Sedgley Beacon - Videography trip
26 Mar 2026
Field Log
- Blackbird ( } / heathland, suburban
- Robin ( } / heathland, suburban
- Rook ( } / heathland, suburban
- Carrion Crow ( } / heathland, suburban
- Magpie ( } / heathland, suburban
- Great Spotted Woodpecker ( } / heathland, suburban
- Chiffchaff ( } / heathland, suburban
- Great Tit ( } / heathland, suburban
- Blue Tit ( } / heathland, suburban
- Common Gull ( } / heathland, suburban
Still Slacking
As part of my plans for getting a few bits of video I can use as B-roll during my course and on videos I am producing for release over the next few weeks I visited Sedgley Beacon again today.

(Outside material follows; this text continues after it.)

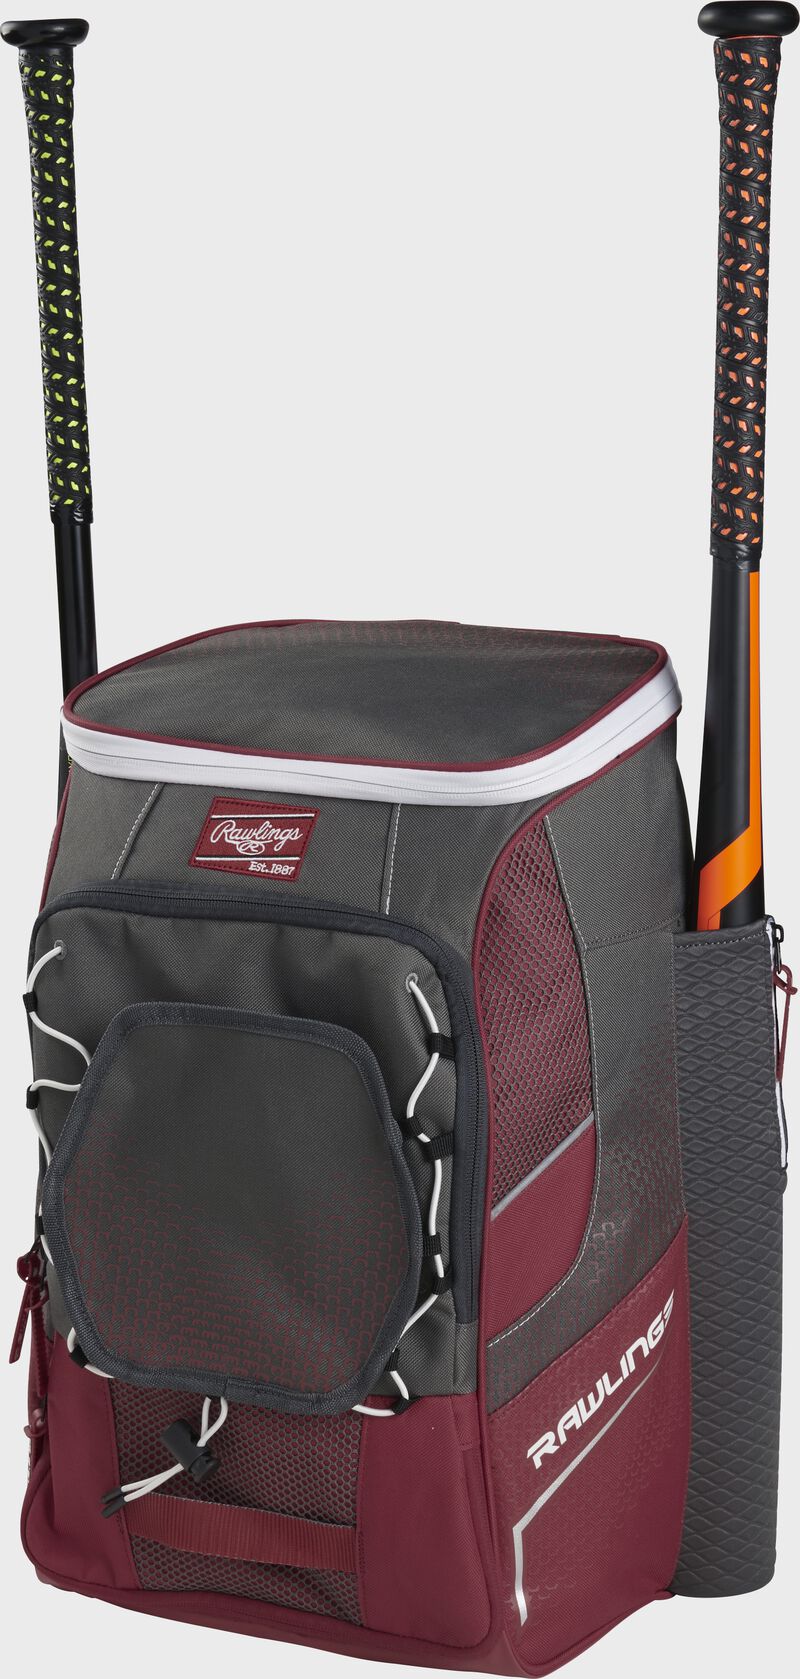 Front right angle view of a cardinal Impulse backpack with two bats in the side sleeves - SKU: IMPLSE-C image number null

I say again because I popped over on Monday after a nice walk down the canal at Wombourne only to find the weather was finally catching up with me and the wind bitter and too gusty to film.
Finding lost souls
This is a fantastic spot that I don't consider part of my patch but it overlooks pretty much everything I do. I generally only go there when I want to experience long uninterrupted views which often means days I'm playing with radios and not cameras but there is quite a lot of bird life up there and you can see for miles on a clear day making things like Red Kites visible circling around farmland. For up close stuff it's generally not as good as other spots in the area. One of Dudley's other hill based Geo-sites at Wren's Nest has wonderful views of the bits of Dudley and south shaded by the hills of Dudley, much better close up bird life and even more fossils falling out of the ground and Baggeridge Country Park down the beacon a couple of miles is a former colliery with great environments including patches of ancient woodland that runs all the way to Himley Hall and it's former gardens and pools. So they tend to grab my attention when I'm driving this way looking for something interesting.
One thing I did find however was the lens cap I lost on Monday. Exactly where I thought it would be and none the worse for spending 36 hours that included everything from 15 degrees C down to sub zero, gail force winds and snow/hail/rain in every combination known to man in short heavy bursts. So that is good :)
No photo's
I didn't take any photo's at all while I was there even though I had my camera. Instead I used it to look into the distance at things I saw. I'd have been better off bringing my bins but you can't take a photo if you don't have your camera with you so I don't regret having it with me.
Videos
All the videos I took are in landscape format with a static locked off camera looking in various directions. One covers my patch and will probably be useful for showing relationships but shows pretty clearly the amount of green in The Black Country and West Midlands particularly along canals, rail, roads and on former brown field sites. You can also see right into South Staffs (well pretty much on the door step here), Staffs, Cheshire and Derbyshire (on the edge). I also think it will be pretty useful showing how flat the area is when I talk about the lost landscapes of our swampy past.
Another is taken south(ish) and includes the Clee Hills, Malvern Hills and Clent Hill, showing the view out over the West Midlands, Warwickshire, Worcestershire, Shropshire and down into Gloucestershire, Herefordshire, and Wales. This section is the most pastoral of the views from the beacon. Showing just how close the countryside comes to the cities although the patchwork of fields nearby are for horses. The clouds cast some great shadows over the landscape here so this will probably get reused as b-roll for years. Or at least until I upgrade to something that shoots 4k.
A third was taken pointing towards The Wrekin and includes the distant Welsh Mountains, Stiperstones and Clee Hills right on the left edge (maybe out of frame here but inframe on video two) is Pen-y-fan one of the best mountains in South Wales. It is probably only a few pixels on the HD video but via the camera I could see a shady pointed peak in the right spot 75 miles or so away.
Another couple of videos were taken towards Birmingham City centre the first was so I could show the majority of The Black Country and the West Midlands in a single frame (although the bit containing Coventry will be a few pixels hiding behind Brum), mostly because I wanted to point out the massive nature reserves between here and there I visit from time to time to remind folks that even in the darkest, most industrial parts of the country and hundreds of acres of wild waiting to be explored.
The second video I took that includes Brum was a shot that includes the 1846 astronomical observation tower that replaced the former Neapolitan beacon and the two radio towers next to it with Brum over their shoulder. I think this is a nice visual to talk about the history of the spot in the future but it was also shot almost into the sun with some great clouds so it will probably get used a lot sped up as b-roll.
Site News
As for wider site news. I made a couple of changes to the tagging system today and the formatting of tags when they appear on the site. This should mean several improvements going forward. The first of which is the first post now appears in the ND category. The site will never be finished (nor in a state that it's codebase is shareable unfortunately) but I'm not planning on making any breaking changes. One of the big advantages of developing with a system that creates a static site from my data is I'm never going to have to make security changes or be prompted by politics in a bit of software I use to move away from it. The backend is never exposed and I don't even have to upgrade it if that becomes problematic.